**Records for this task**:
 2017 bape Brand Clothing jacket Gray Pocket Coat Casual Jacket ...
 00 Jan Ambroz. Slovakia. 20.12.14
--
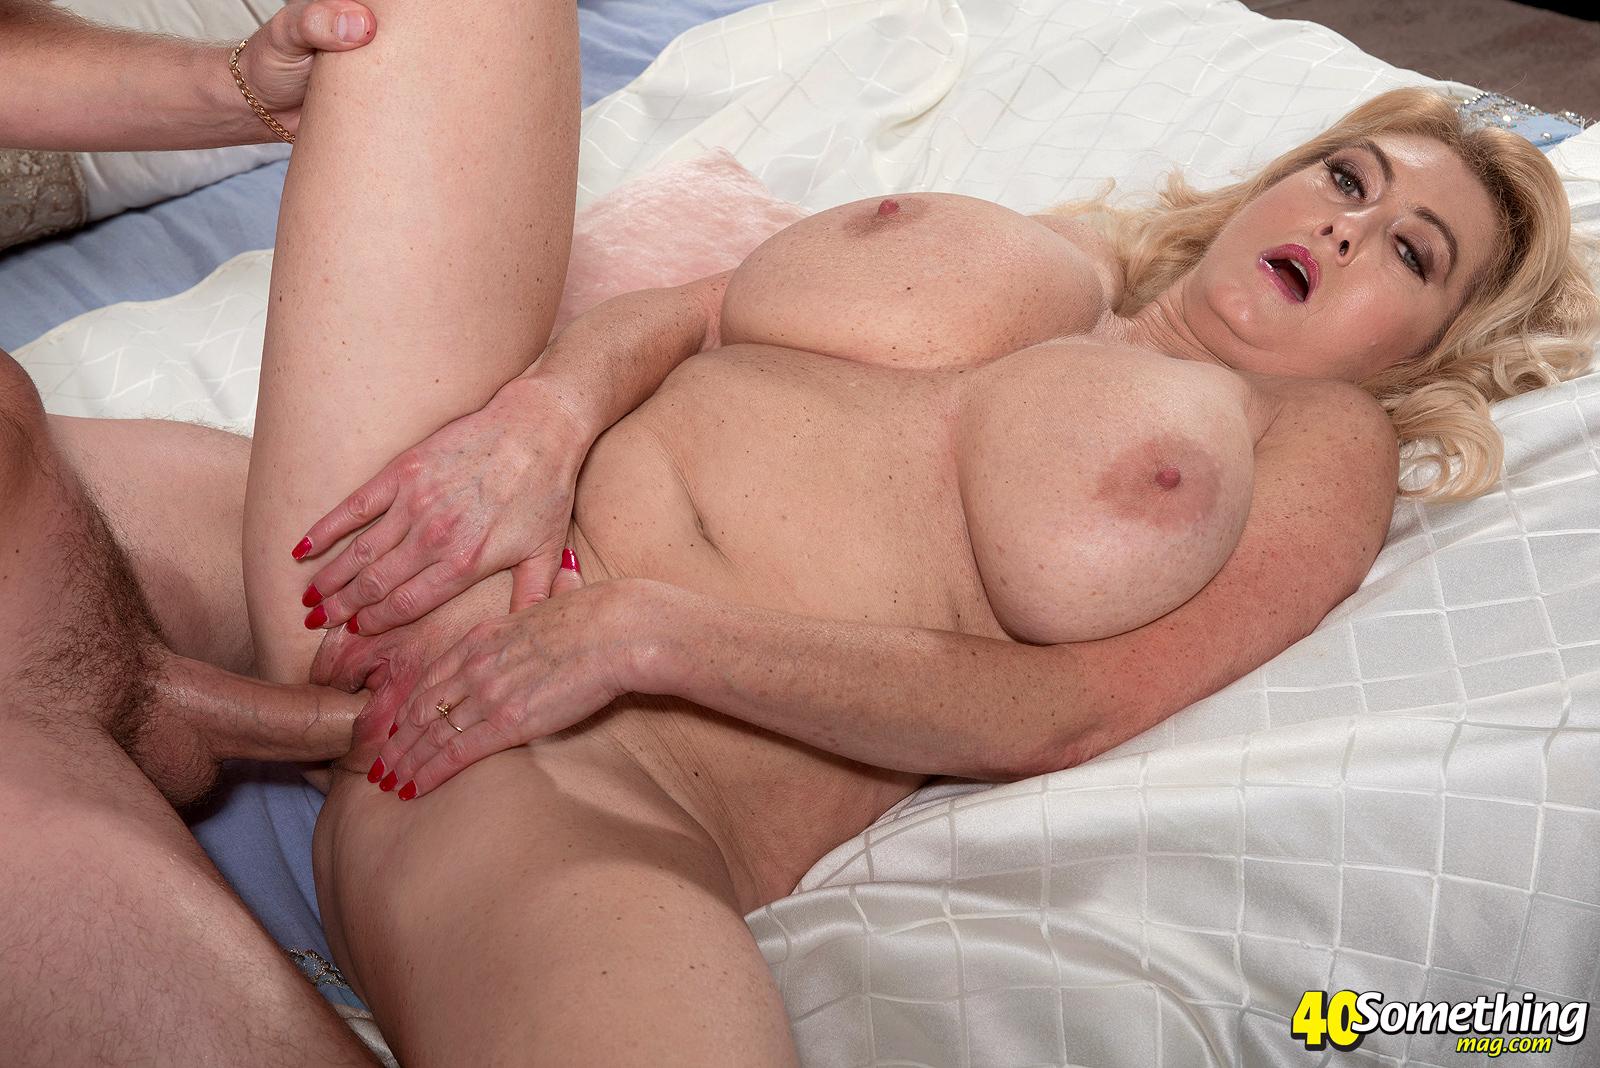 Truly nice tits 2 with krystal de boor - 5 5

**Work item**: The entries above hold a line with "2017 bape Brand" and a later line with "00 Jan Ambroz. Slovakia. 20.12.14". Write out exactly those lines and all lines between, nothing more.

**Solved problem**:
 2017 bape Brand Clothing jacket Gray Pocket Coat Casual Jacket ...
 00 Jan Ambroz. Slovakia. 20.12.14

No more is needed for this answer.